Filmlexikon.
Offliner
Schnitt

Offliner

Murnau AI illustration

Schnittassistent, der Offline-Schnitte erstellt — arbeitet mit Proxy-Material in niedrigerer Auflösung, um Timing und Rhythmus zu entwickeln. Ermöglicht schnelle erste Rohfassungen vor dem Online-Schnitt.

Der Offliner arbeitet im Schnittraum mit Material in reduzierter Auflösung — meist ProRes 422 HQ, DNxHD oder ähnliche Proxy-Formate. Das ist nicht die finale Hochauflösungs-Datei, sondern eine bearbeitbare Arbeitsversion, die schnell lädt und keinen Render-Overhead erzeugt. Während der Regisseur und der Editor die dramaturgischen Entscheidungen treffen, kümmert sich der Offliner um den technischen Workflow: Er katalogisiert das Rushes-Material, erstellt die Proxies, organisiert die Schnitt-Sequenzen und dokumentiert jeden Cut, jede Länge, jede Transition präzise in den Metadata und im EDL (Edit Decision List).
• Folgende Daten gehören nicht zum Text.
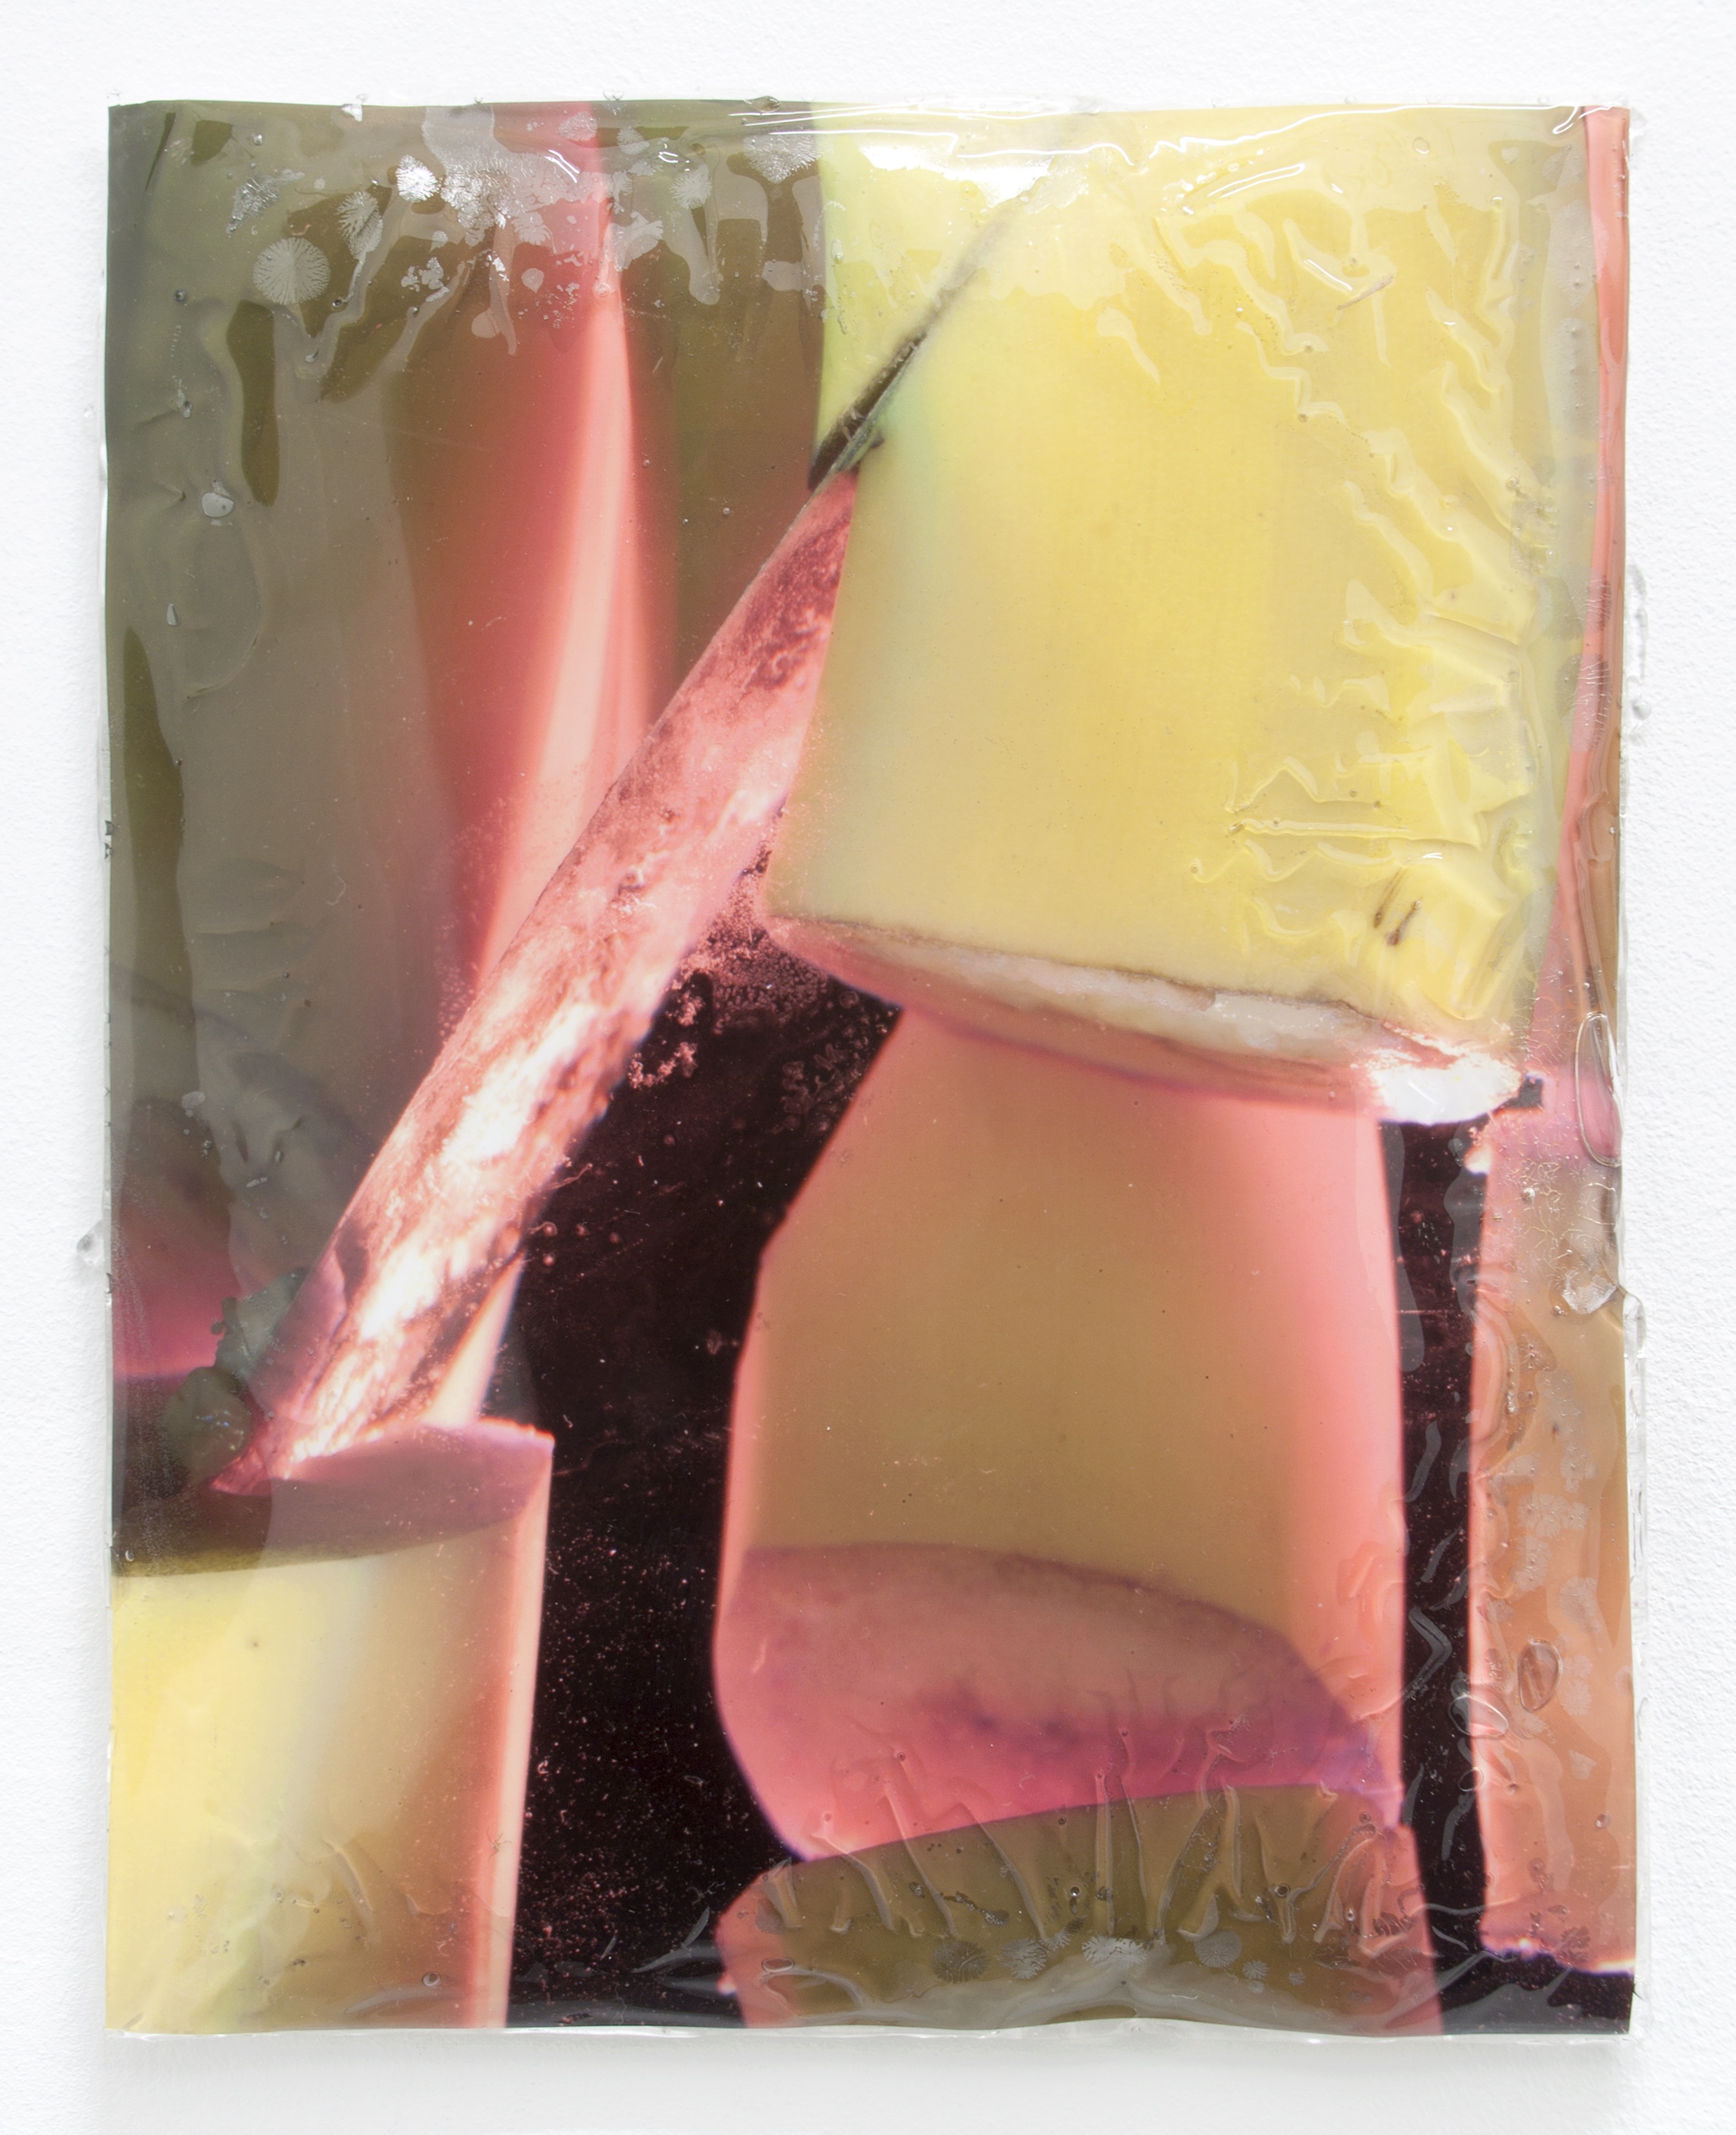 Lucie Stahl, Bananas, 2014 (courtesy of Queer Thoughts, New York)

Diese Aufteilung ermöglicht Geschwindigkeit. In großen Produktionen oder bei engen Schedules sitzt der Offliner parallel zur Schnitt-Suite und bereitet bereits die nächsten Takes auf, während der Editor noch mit Szene 12 beschäftigt ist. Der Vorteil: Die Schnittmaschine läuft nie leer, und der Rhythm des Schnitts wird nicht durch technische Wartezeiten unterbrochen. Besonders bei dokumentarischem Material oder bei Serien mit hohem Episoden-Aufkommen ist diese Arbeitsteilung standard. Der Offliner muss sorgfältig sein — jeder falsch katalogisierte Take kostet später im Online-Schnitt Zeit und Geld.

Das Kerngeschäft des Offlining ist die Erstellung und Pflege der EDL, die später dem Online-Editor oder dem Conform-Team übergeben wird. Diese Liste ist buchstäblich die Bauanleitung für den finalen Online-Schnitt: Sie enthält jeden Clip, die exakte Timecode-Position, die Länge, die Übergänge, teilweise auch Farbkorrektur-Notizen oder VFX-Flags. Ein sauberes Offline-Projekt erspart dem Online-Team Stunden an Rückfragen und Recherche. Manche Offliners arbeiten auch mit Proxy-Workflows in DaVinci Resolve oder Avid Media Composer, um schon während des Schneideprozesses erste Farbkorrektionen oder Effekte zu skizzieren — nicht final, aber als Orientierung für später.

Die Rolle verlangt technisches Verständnis, Sorgfalt und die Fähigkeit, Produktionslogiken zu verstehen. Ein erfahrener Offliner kennt die Kamera-Codec-Eigenheiten, weiß, wie man Proxy-Formate richtig konvertiert und kann Fehler in der Material-Organisation schnell erkennen. In kleineren Produktionen übernimmt manchmal der Schnittassistent selbst diese Aufgabe; in großen Häusern ist es eine spezialisierte Position.